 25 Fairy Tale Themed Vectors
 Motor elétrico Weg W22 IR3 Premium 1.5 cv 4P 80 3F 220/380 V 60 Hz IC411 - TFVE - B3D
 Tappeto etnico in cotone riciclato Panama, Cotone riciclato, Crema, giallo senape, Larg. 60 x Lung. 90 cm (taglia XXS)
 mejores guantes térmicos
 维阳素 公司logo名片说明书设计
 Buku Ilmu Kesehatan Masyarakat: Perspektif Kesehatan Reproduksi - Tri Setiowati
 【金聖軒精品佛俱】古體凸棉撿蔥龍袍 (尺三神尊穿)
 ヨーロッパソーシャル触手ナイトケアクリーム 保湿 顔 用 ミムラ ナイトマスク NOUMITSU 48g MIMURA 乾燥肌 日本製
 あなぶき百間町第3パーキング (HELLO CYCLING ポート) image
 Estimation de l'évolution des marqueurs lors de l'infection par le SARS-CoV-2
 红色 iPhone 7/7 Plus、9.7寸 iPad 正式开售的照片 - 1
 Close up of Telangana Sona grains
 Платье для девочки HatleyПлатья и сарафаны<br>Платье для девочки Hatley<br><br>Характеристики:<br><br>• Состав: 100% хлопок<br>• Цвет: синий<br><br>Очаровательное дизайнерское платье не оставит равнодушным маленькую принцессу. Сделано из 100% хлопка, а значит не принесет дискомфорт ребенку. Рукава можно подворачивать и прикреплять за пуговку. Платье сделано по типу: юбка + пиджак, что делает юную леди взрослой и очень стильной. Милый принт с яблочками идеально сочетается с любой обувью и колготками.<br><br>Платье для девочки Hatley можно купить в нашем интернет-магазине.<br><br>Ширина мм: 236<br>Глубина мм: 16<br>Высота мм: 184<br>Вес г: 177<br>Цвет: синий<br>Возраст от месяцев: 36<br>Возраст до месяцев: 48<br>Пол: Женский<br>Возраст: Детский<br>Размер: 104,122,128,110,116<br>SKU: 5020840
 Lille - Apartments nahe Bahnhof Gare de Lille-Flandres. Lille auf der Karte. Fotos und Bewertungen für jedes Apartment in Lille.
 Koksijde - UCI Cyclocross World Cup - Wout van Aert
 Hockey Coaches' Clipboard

- [TASK PROMPT]
Give back, unchanged, every line from the one with "Koksijde - UCI" to the end of the entries above.

- [EXERCISE OUTPUT]
 Koksijde - UCI Cyclocross World Cup - Wout van Aert
 Hockey Coaches' Clipboard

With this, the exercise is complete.